Mr Hollande will have a dozen government ministers in tow when he arrives Wednesday to hold meetings with Algerian president Abdelaziz Bouteflika, make a speech in parliament and give a talk at a university in the city of Tlemcen.
"We hope that the visit of Francois Hollande will mark a new stage in our bilateral relations which are expected to deepen," said Mr Bouteflika last week.
Officials in Paris have also been talking up the trip, dubbing it a "historic" moment in relations that remain thorny half a century after a bloody war of independence ended 132 years of French colonisation.
The two states are bound together by a network of human, economic and cultural ties, with more than half a million Algerians living in France and hundreds of thousands of others holding French nationality.
Algeria is an important supplier of oil to France, hundreds of French businesses operate there, and France is its top trade partner. The north African state is also a strategic partner in France's fight against Islamic extremists.
But the past still casts a long shadow over France's links with Algeria.
Efforts to draw up a "Treaty of Friendship" in recent years have failed, mostly because Algeria insists France must first make an act of official repentance for the torture and massacres its troops carried out in colonial days.
Mr Bouteflika said, after Mr Hollande's election victory over Nicolas Sarkozy in May, that "only an objective reading of history" would allow France and Algeria to overcome the "painful" legacy of the past.
Last month, his government made a fresh demand for France to admit its massacres, while the country's foreign minister said he hoped Mr Hollande would deliver "the clarifications the Algerian people are waiting for".
Mr Hollande in October recognised the "bloody repression" of Algerian protesters by police in Paris in October 1961, which historians say killed dozens, possibly hundreds.
But he is unlikely to go much further during his trip to Algeria.
"History must serve to build the future and not to prevent it," he said last month. His aides say that he is prepared to take a lucid look at the past but is not going to take the road of official repentance.
The second major issue Hollande will tackle during the Algeria trip is Mali.

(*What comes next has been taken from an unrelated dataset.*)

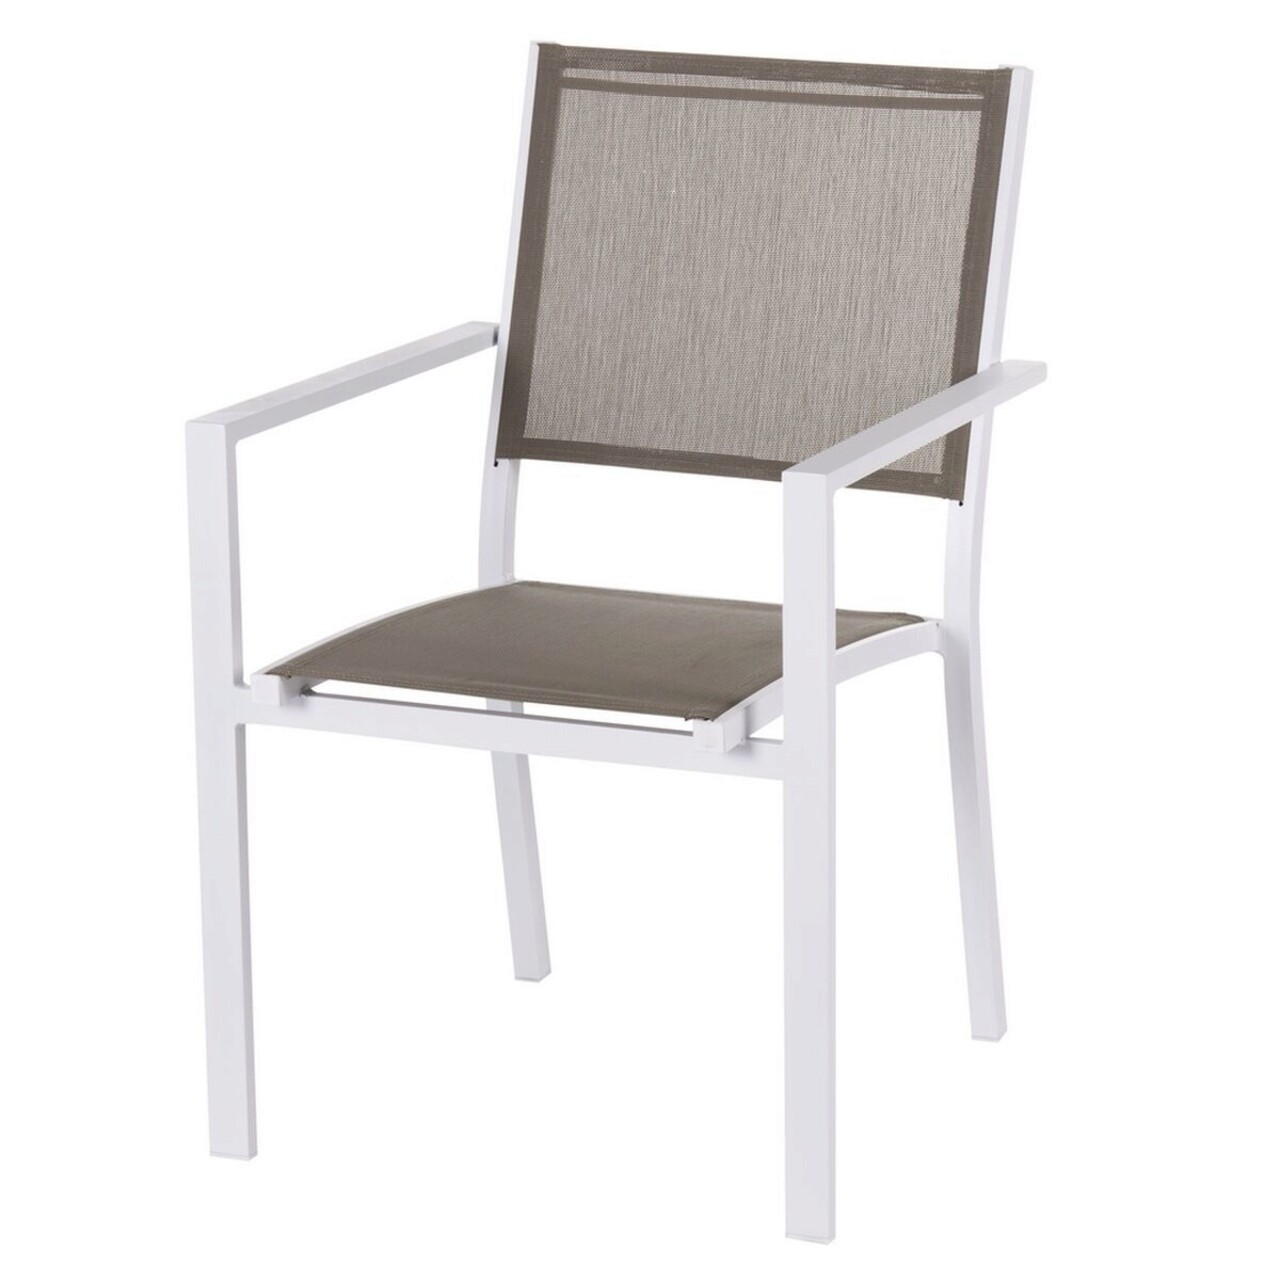 Thais Kerti szék, 55.2 x 60.4 x 86 cm, alumínium, grézs/fehér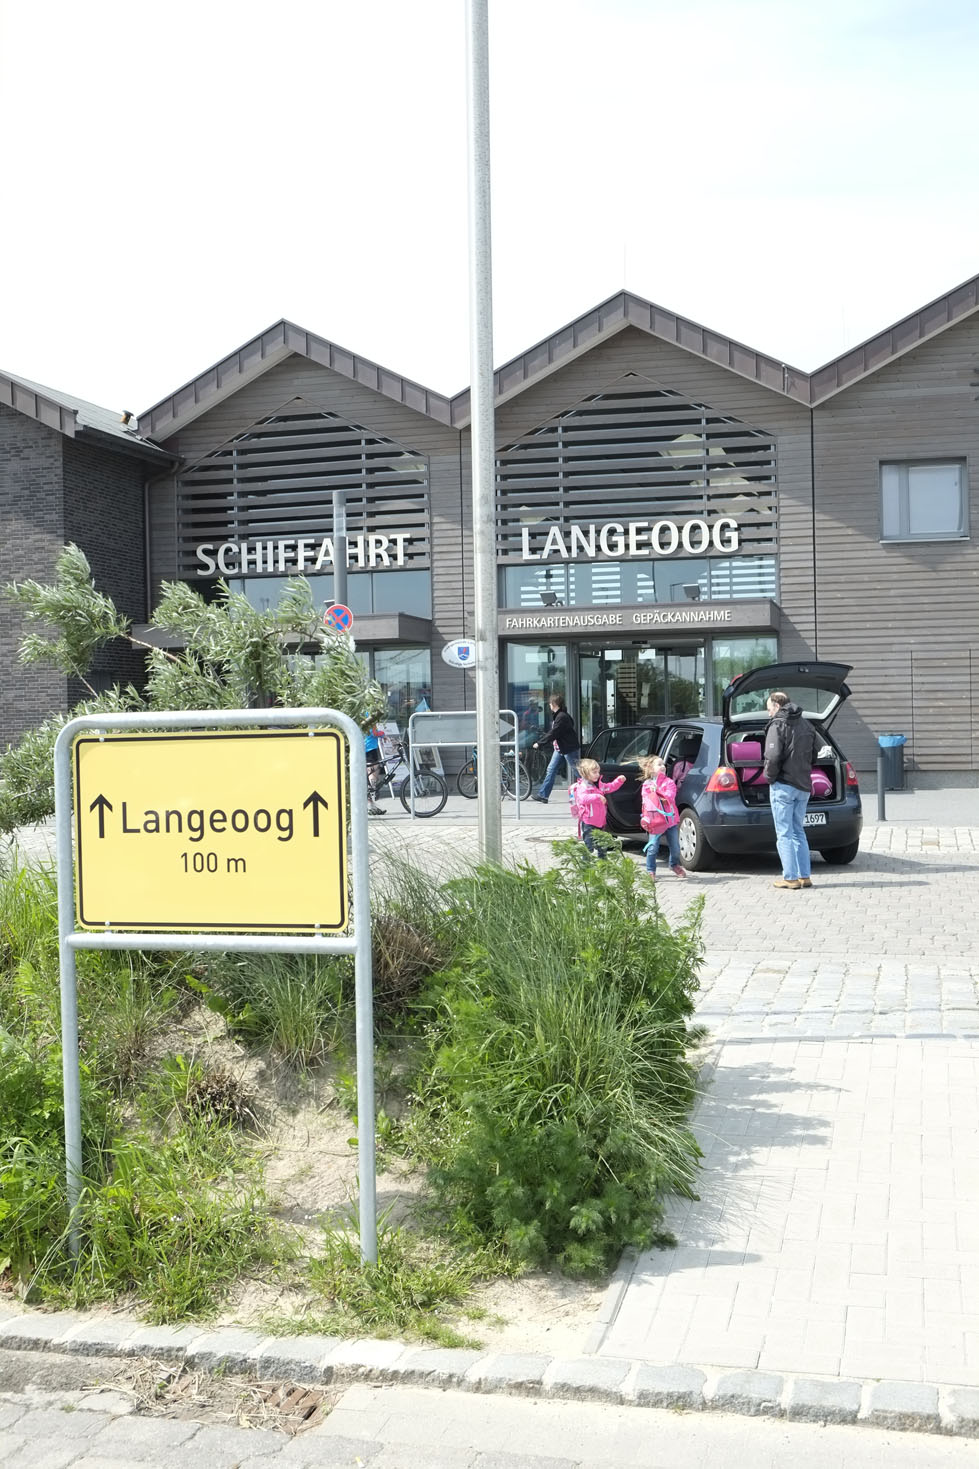 Das Gebäude der Schiffahrt Langeoog in der außenansicht. Vor dem Gebäude sind Menschen zu sehen, die Ihr Gepäck aus dem Kofferraum eines schwarzen Autos holen.

The west African regional bloc ECOWAS wants to deploy a 3,300-strong intervention force to drive out Islamists who have seized half the country. The bloc is being backed by western powers who fear the zone could become a haven for terrorists.
Algeria, the regional powerhouse which shares hundreds of kilometres of border with Mali, is seen as key to any military operation but has long adhered to a policy of non-interference in the internal affairs of another state.
It did not oppose a UN resolution authorising the possible military intervention if dialogue fails, but Mr Bouteflika said he favoured a "negotiated political solution between the Malian government and rebels who clearly distance themselves from terrorist and criminal activity".